In 2015, representatives of 195 countries came together in Paris to reach a historic international agreement to combat the climate crisis. The only two countries on the planet to reject the accord were Syria and Nicaragua.
In 2017, Syria and Nicaragua came around and embraced the Paris climate accord — right around the time that Donald Trump withdrew from the pact, leaving the United States standing alone for reasons that were easily exposed as nonsense.
The Paris agreement was built on an important legal foundation known as the United Nations Framework Convention on Climate Change (UNFCCC), first established in 1992 and embraced by a then-Republican administration. As The New York Times reported, Trump has now withdrawn from this, too:
President Trump announced on Wednesday that he was withdrawing the United States from the bedrock international agreement that forms the basis for countries to rein in climate change.
The treaty, which has been in place for 34 years, counts all of the other nations of the world as members.

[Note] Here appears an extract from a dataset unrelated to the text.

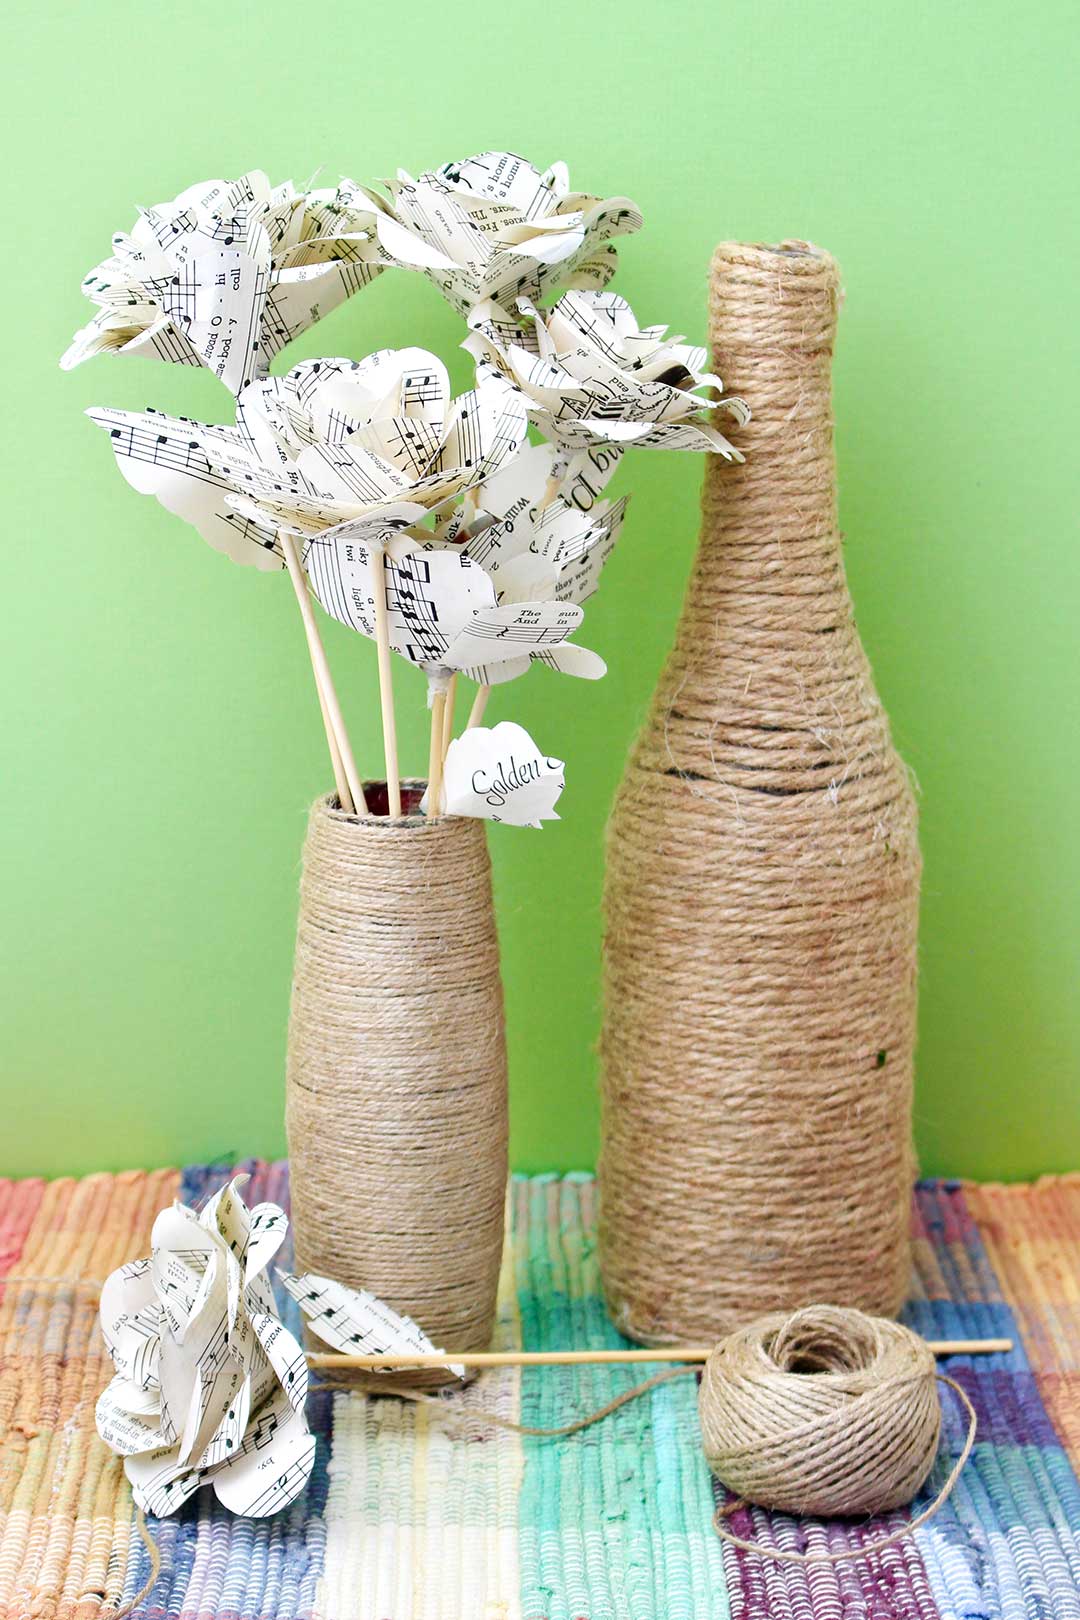 A twine wrapped bottle and a twine wrapped vase with paper flowers inside sitting on a colorful placemat against a green backdrop.

Gina McCarthy, the administrator of the Environmental Protection Agency during the Obama administration and White House climate adviser to the Biden administration, told the Times, “This is a shortsighted, embarrassing, and foolish decision. … This administration is forfeiting our country’s ability to influence trillions of dollars in investments, policies, and decisions that would have advanced our economy and protected us from costly disasters wreaking havoc on our country.”